The assassination of former Japanese Prime Minister Shinzo Abe in the middle of the election campaign plunged his country into deep disarray.
The relatives of former Japanese Prime Minister Shinzo Abe paid tribute to him on Monday during his wake in Tokyo, three days after his assassination during a campaign rally at the age of 67.
A hearse carrying his body arrived Monday afternoon at the Zojoji Buddhist temple in Tokyo, where a funeral wake was held in the presence of figures from the Japanese political and economic world.
The funeral was due to take place at the same location on Tuesday with only relatives of Mr Abe in attendance, before a public homage at a later date.
Returning from a tour of Southeast Asia, US Secretary of State Antony Blinken stopped by Tokyo on Monday to meet with Prime Minister Fumio Kishida and personally introduce his condolences as well as those of President Joe Biden.
The American people share the Japanese people's sense of loss, Blinken said, believing that during his tenure, Prime Minister Abe did more than anyone to elevate the relationship between the United States and Japan. to new heights.
The US Foreign Minister handed Mr. Kishida letters from US President Joe Biden to Mr. Abe's family. In the evening, US Treasury Secretary Janet Yellen, also traveling to Asia, attended the wake.
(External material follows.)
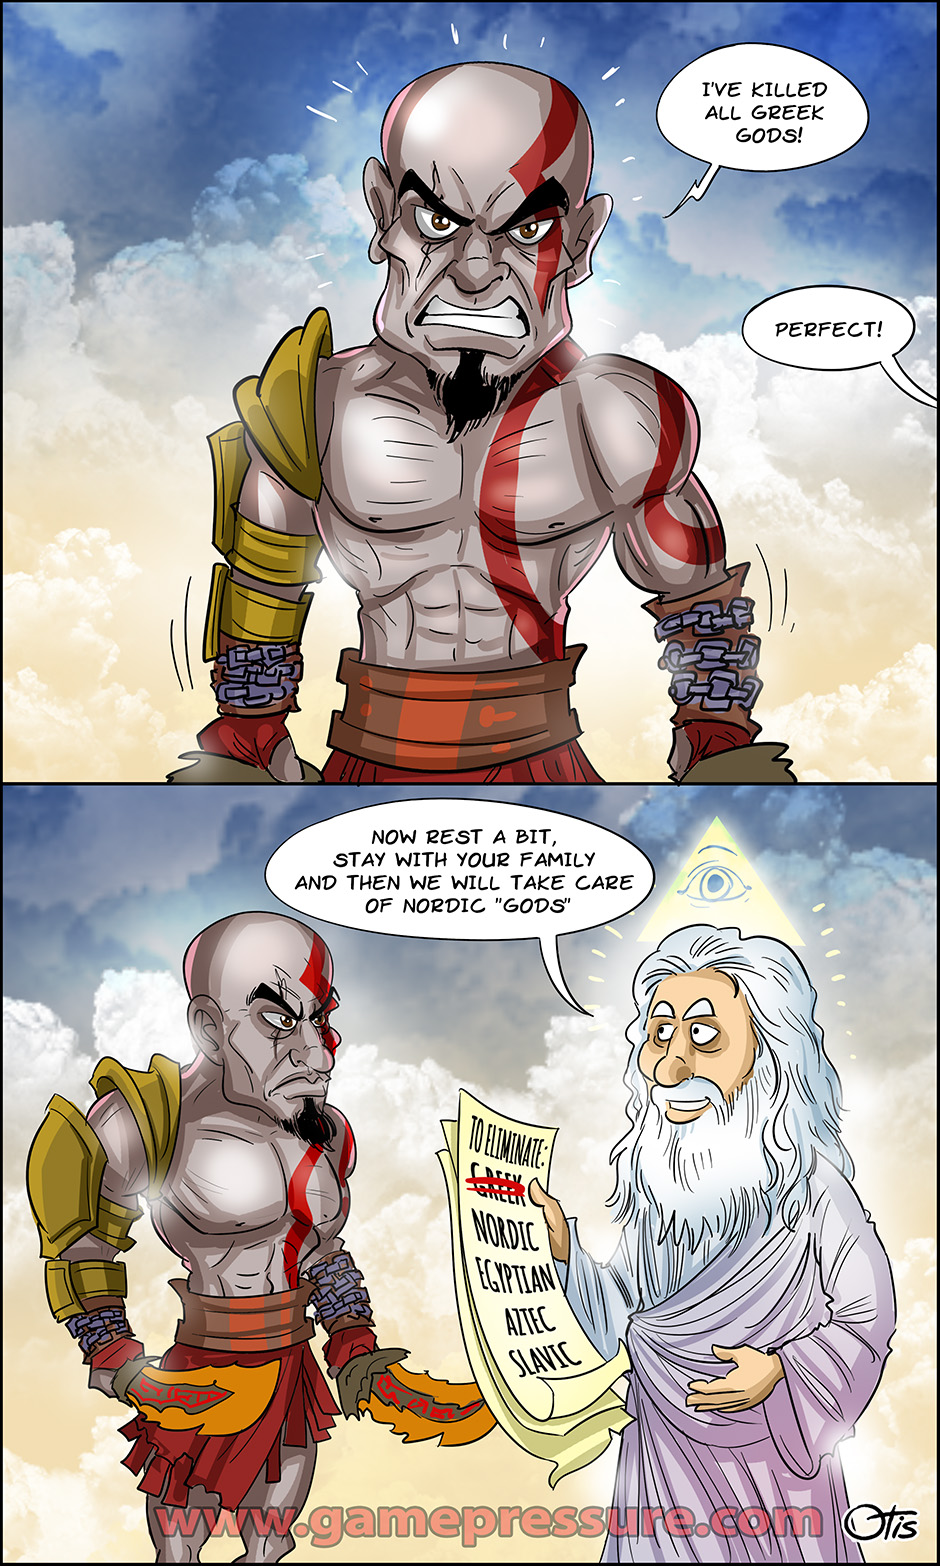 Kratos is ready for some god-slaying, comics Cartoon Games, #234. He's done with the Greek gods, now what?!

The assassination of Shinzo Abe overshadowed the election poll on Sunday July 10, 2022
His suspected killer, arrested at the scene of the attack, has been identified by police as 41-year-old Tetsuya Yamagami, believed to be a former member of the Maritime Self-Defense Force, Japan's Navy .
According to police sources cited by local media, he watched videos on YouTube showing how to make a homemade firearm like the one used in the attack.
He explained deliberately targeting Mr. Abe, saying he was angry at an organization he thought the politician was affiliated with. Japanese media had claimed that it was a religious organization to which Ms. Yamagami's mother had made large donations, putting their family in great financial difficulty.
The Unification Church, a South Korean-based organization also known as the Moon Sect, confirmed during a press conference in Tokyo on Monday that the mother of the suspect was one of his followers.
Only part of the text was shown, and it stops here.